We left around 9:30 Friday morning in a sawng tao to the Solar Field just down the road. We got there and there was a brief introduction to the grounds by looking over the map or all the different panels. I kept asking the teachers to translate a little bit but they were more concerned with the fact that one of the teachers happened to be wearing a lime green shirt that was nearly identical to the workers and kept interrupting their presentation. After the very brief introduction we got to go out to look at the panels. The guides showed us two boxes, from the little I understood, they are the switch boxes they control a set of 9 or so panels and then transfer the energy to be made into electricity. Again I couldn’t refer to my teachers because now they were off in their own world chit chatting and flirting with the security guard and then playing on the tractor and posing for pictures on it. Great role models for the kids!

at the solar plant


taking notes


The P.6 teacher Krew Boo was engaged though and was asking many questions trying to get more information out of the shy guides about the solar cell process. She was also the one semi keeping the kids focused. We were back to school by 10:45 and the students were sent home for rest of the day. A trip like this with a school back home would have taken up at least the morning if not the entire day followed by a follow up discussion and writing of thank you notes. I asked Krew Boo if students would be writing Thank You notes to Solar Power people. She said the PA had one ready from the school and I could write one if I wanted but the students wouldn’t be writing one.

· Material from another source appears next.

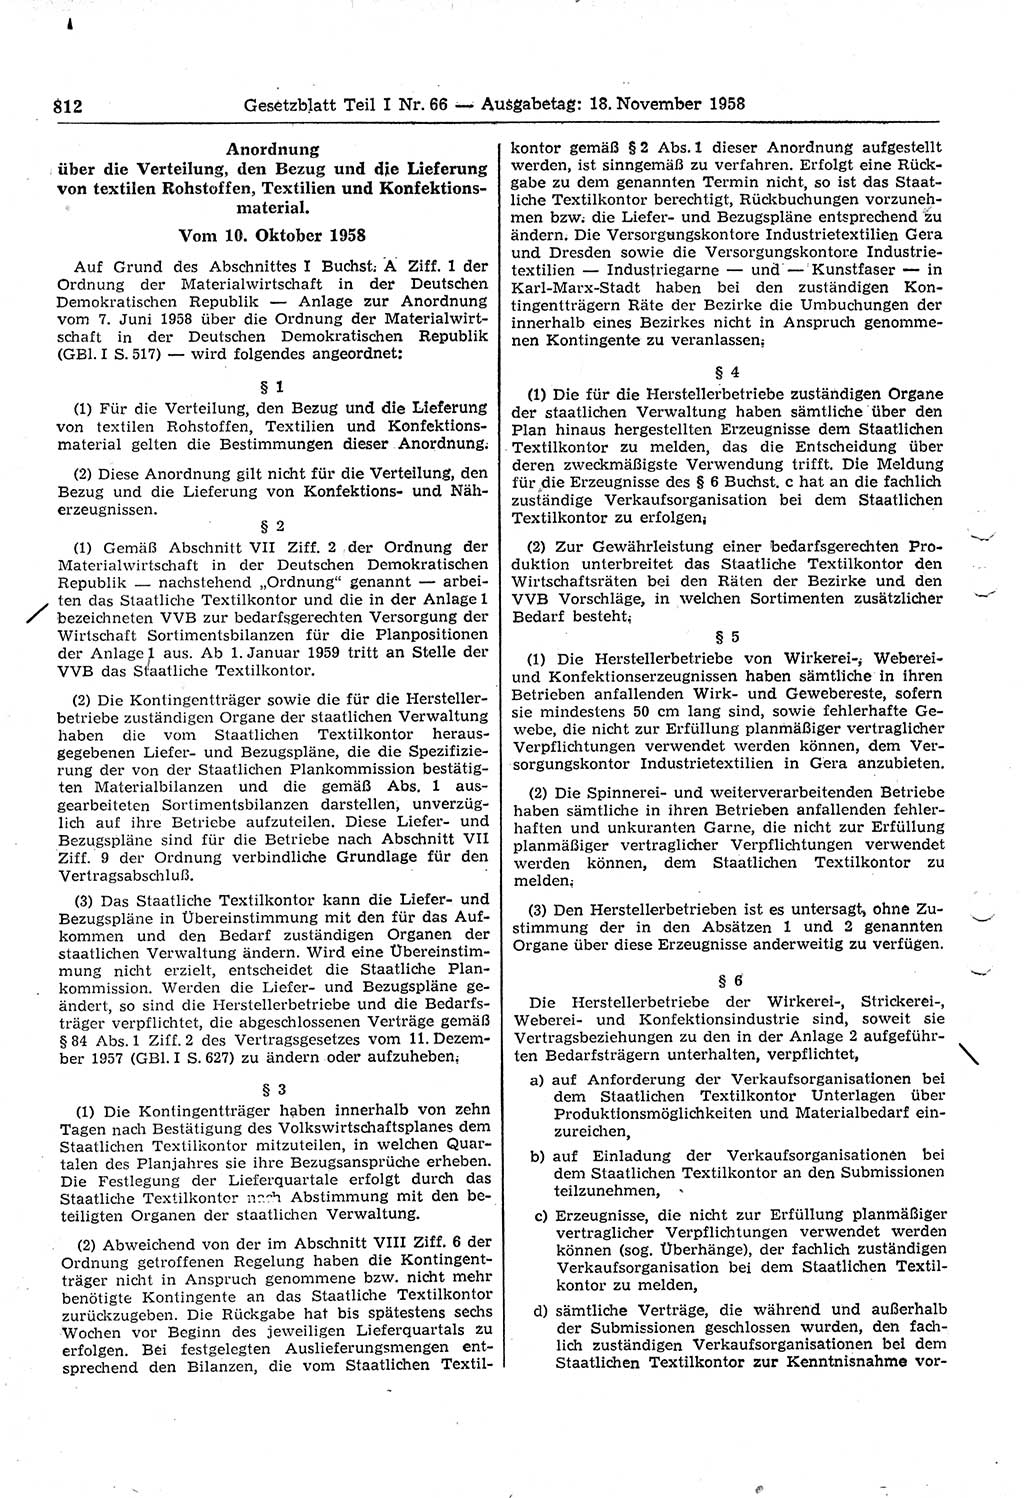 Gesetzblatt (GBl.) der Deutschen Demokratischen Republik (DDR) Teil Ⅰ 1958, Seite 812 (GBl. DDR Ⅰ 1958, S. 812)

Later that afternoon she told me she talked to PA about writing letters and he thinks it is a good idea and so they are now going to write them. Her students are also the only students instructed to write up a report from the notes they took at the field.
Krew Boo is a great teacher. She is one of the only teachers I see dedicated to the students and teaching the students. Many times she stays in her classroom during lunch to help the students on projects. I have even seen her reading individually with the slower learners of the class. Whenever I have an idea about improving the school, like writing a Thank You note, she always agrees and says she has brought up the idea and the other teachers have turned it down. I swear they are more concerned about taking their morning massage from the students, their lunch time drinking party and their afternoon nap or hour early departure from school than helping to instill great knowledge into the minds of kids so eager to learn. Without Krew Boo at my school this year I don’t think I would have survived teaching at the school for a year.

Crazy teacher’s aside, I am grateful to my PA for helping to make the field trip go through. At least the students got a little glimpse of a cleaner form of energy and hopefully learned something about the greater world through my lessons leading up to the field trip. Not to toot my own horn, but I am really glad that I was able to help expand the classroom walls of Rong Rian Chok Amnuay and showed the school that taking field trips be a fun way to learning about something and apply what students have learned in the classroom to the real world.